Tag1 D7ES Announcements

The Form Builder module provides an interface for editing and configuring forms. The module doesn't sufficiently sanitize JSON data, allowing persistent Cross Site Scripting (XSS) attacks.

The Access code module allows site visitors to log in using an access code instead of entering username and password. The module doesn't sufficiently protect against brute force attacks to guess a user's access code.

The Mail System module provides an Administrative UI and Developers API for managing a mail backend or plugin. The module is susceptible to a PHP injection vulnerability.

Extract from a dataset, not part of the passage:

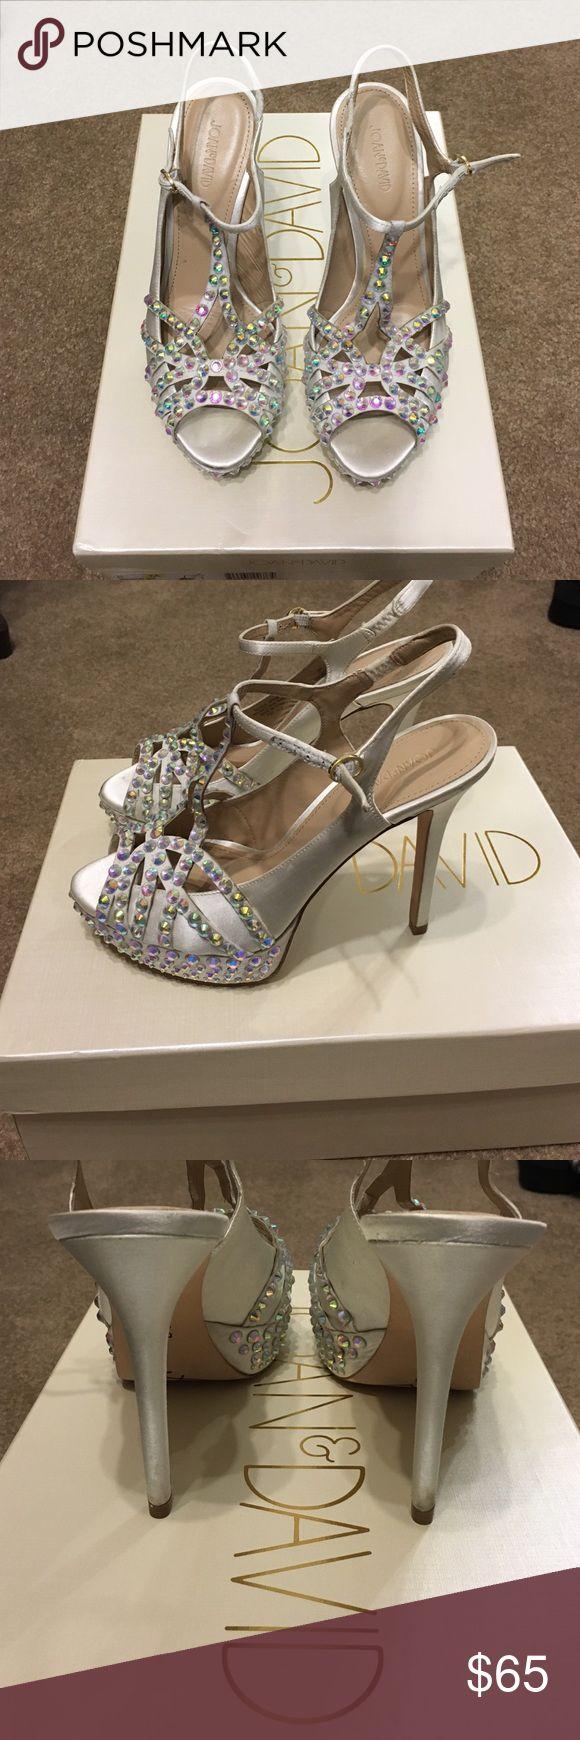 White satin crystal heels Joan & David white satin heels with Rhine stone embellishment Joan & David Shoes Heels

Global Redirect is a module that provides support for clean URLs, paths, and aliases. It is susceptible to a Server Side Request Forgery (SSRF) when used in combination with remote_stream_wrapper project.

The SMTP module allows Drupal to bypass the PHP mail() function and send email directly to an SMTP server. It is susceptible to multiple upstream vulnerabilities from its use of the embedded PHPMailer library.

The link module provides a standard custom content field for links. This release is a backport of SA-CORE-2025-004, with the addition of a hook_update to register the new sanitization PHP class in Drupal 7's class registry.

This module enables your site to obfuscate Email addresses and prevent spambots to collect them. The module doesn't sanitize HTML data attributes when an email address link is transformed to separate span HTML elements and then transformed back by JavaScript leading to a Cross Site Scripting (XSS) vulnerability.

The GDPR Task submodule enables you to create GDPR tasks. The module doesn't sufficiently protect against Cross Site Request Forgery (CSRF) attacks by validating user identity and intent when creating tasks.